_WORK TO BE COMPLETED:_
From the entries below, write out exactly the lines between the line holding "White tip Reef shark" and the line holding "Das Castell de", inclusive, excluding any pictures.

_AVAILABLE DATA:_
>>

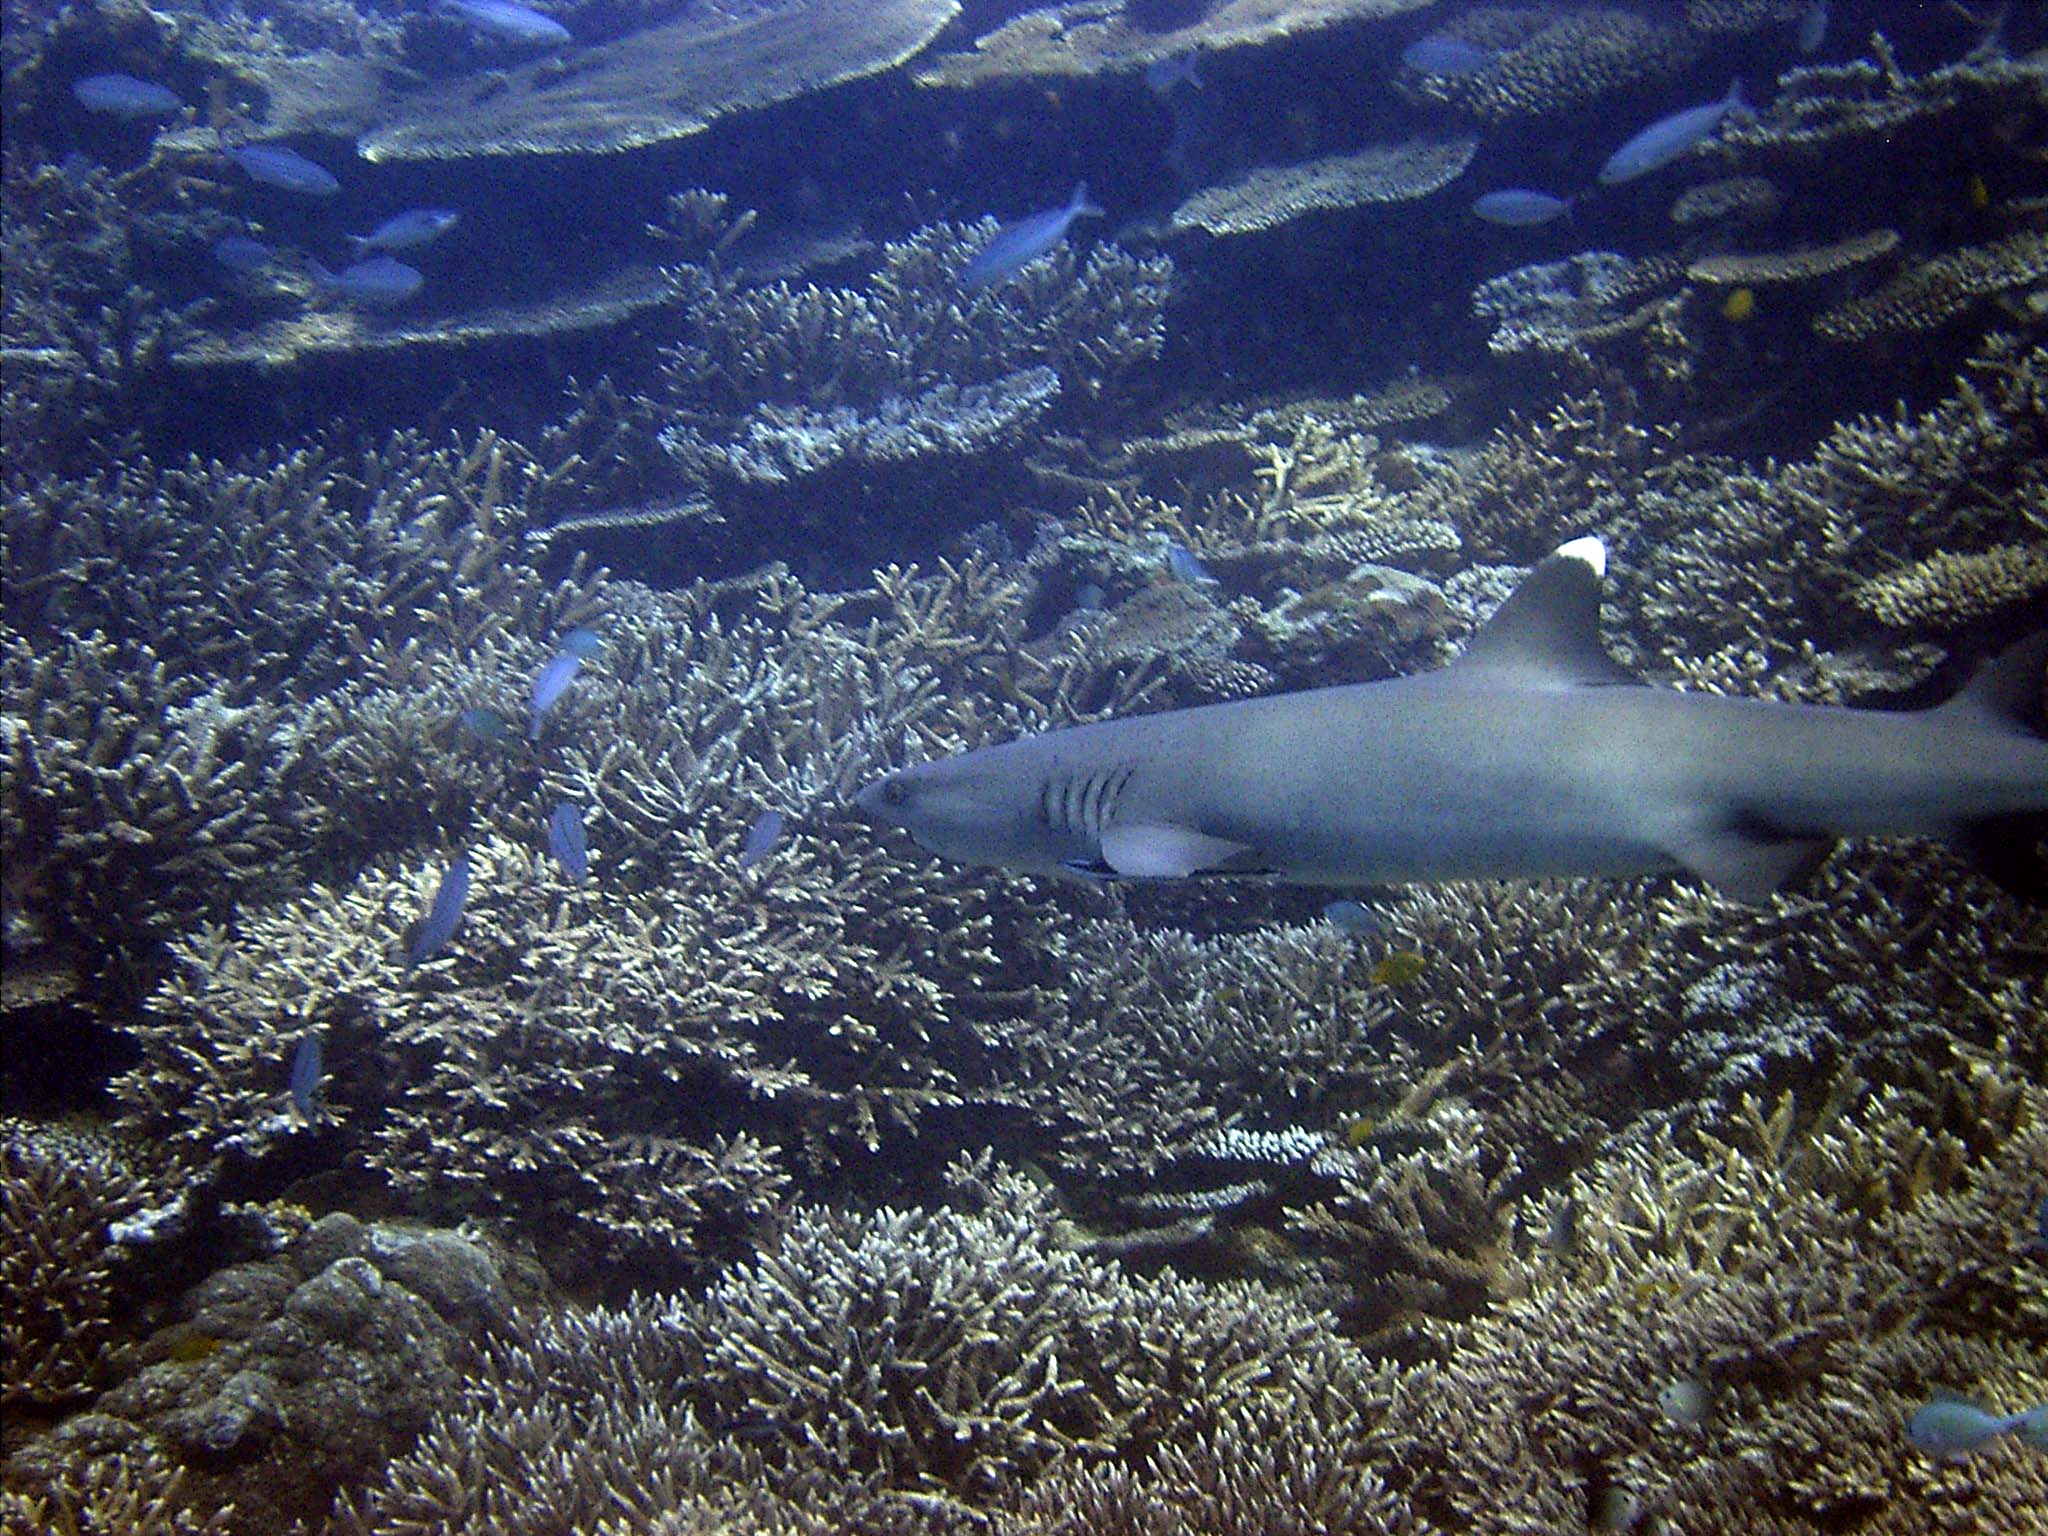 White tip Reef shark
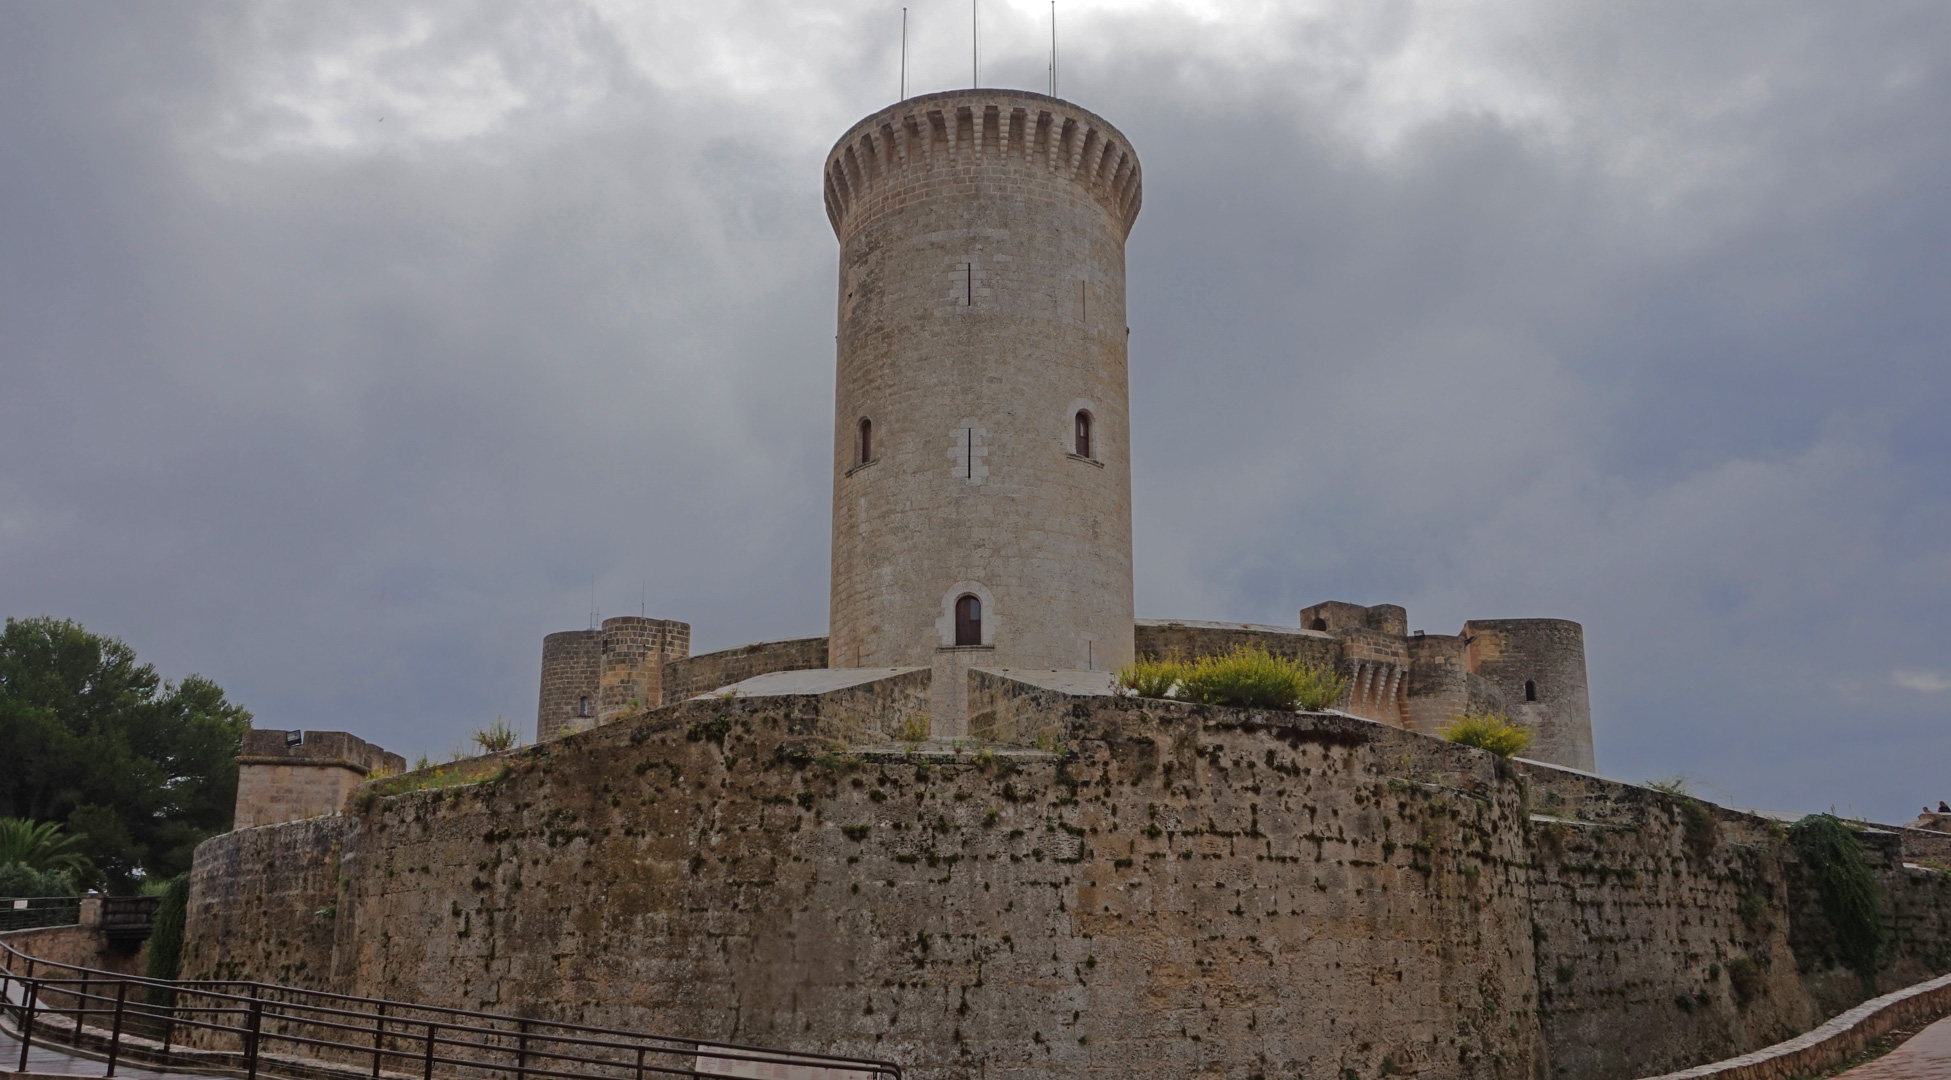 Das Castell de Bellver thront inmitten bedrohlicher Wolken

<<
>>

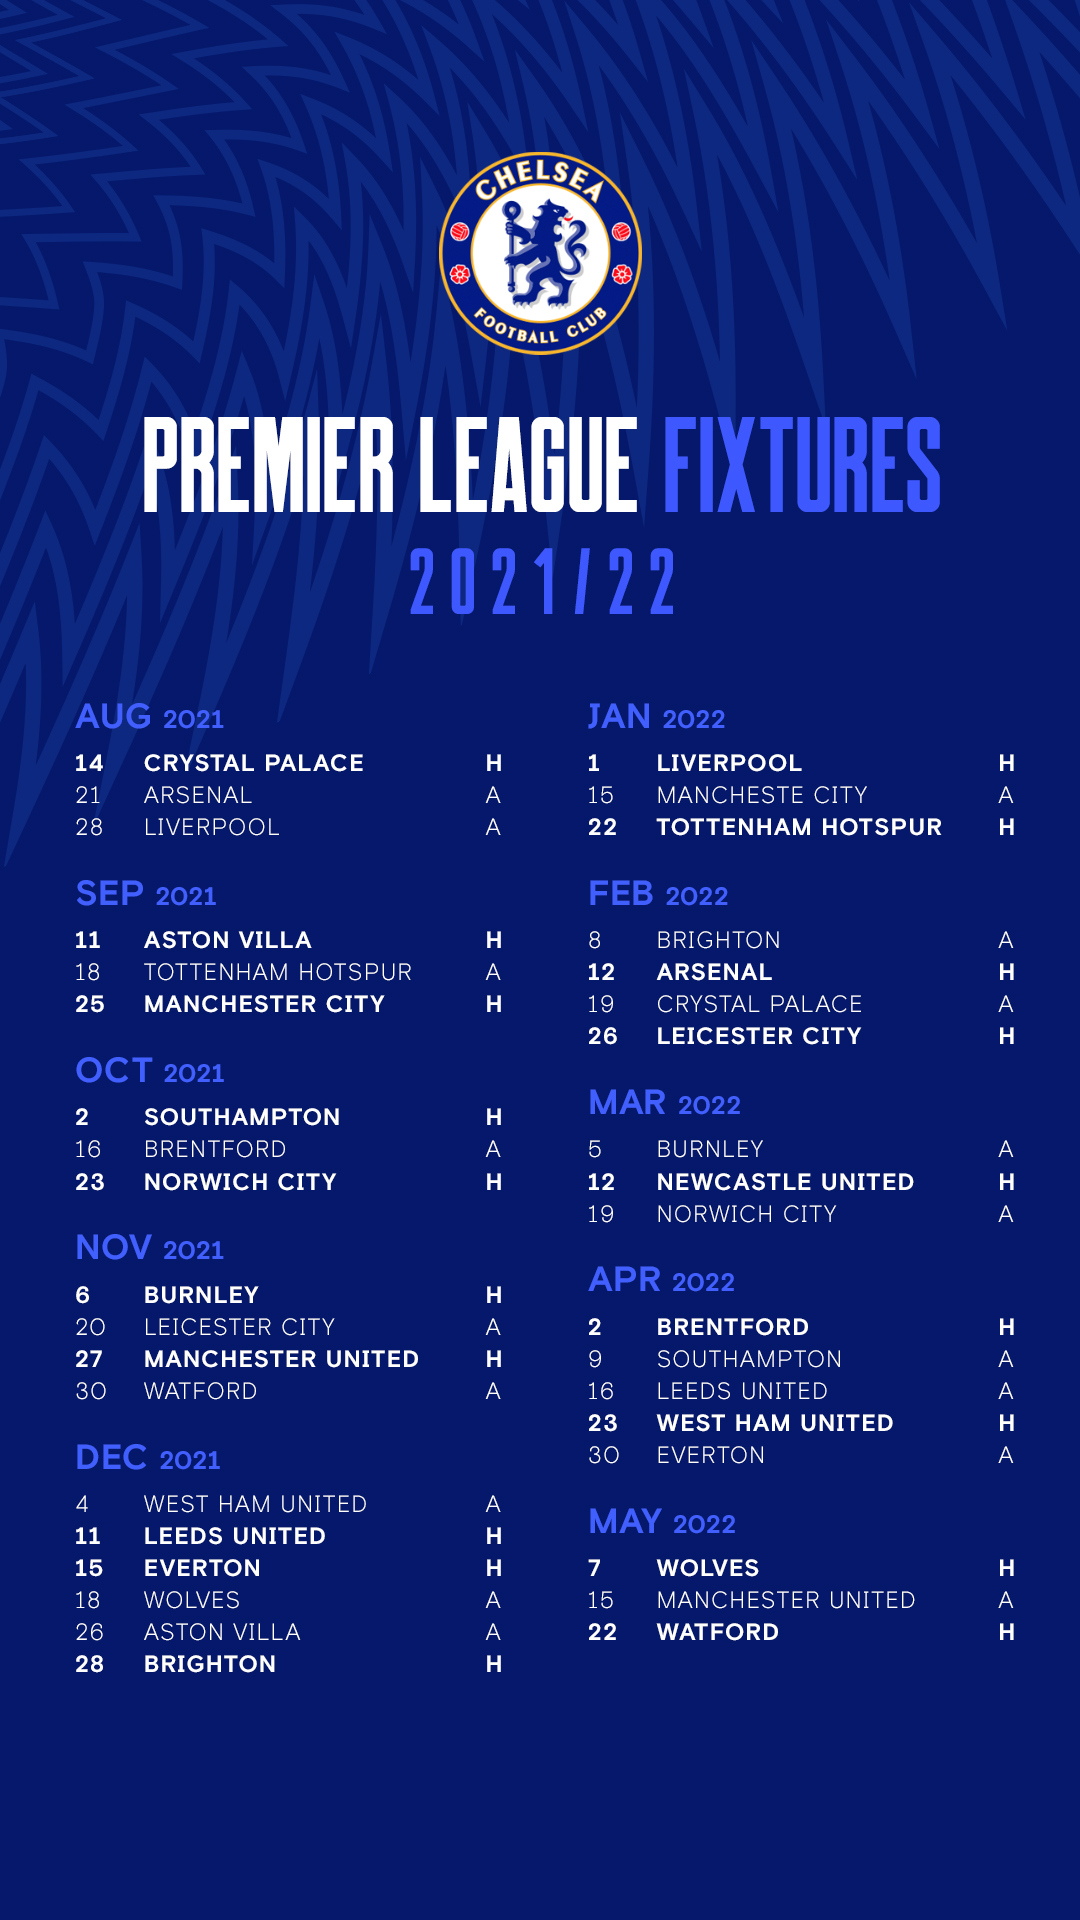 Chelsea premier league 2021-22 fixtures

<<

_RESPONSE FOR THIS EXERCISE:_
 White tip Reef shark
 Das Castell de Bellver thront inmitten bedrohlicher Wolken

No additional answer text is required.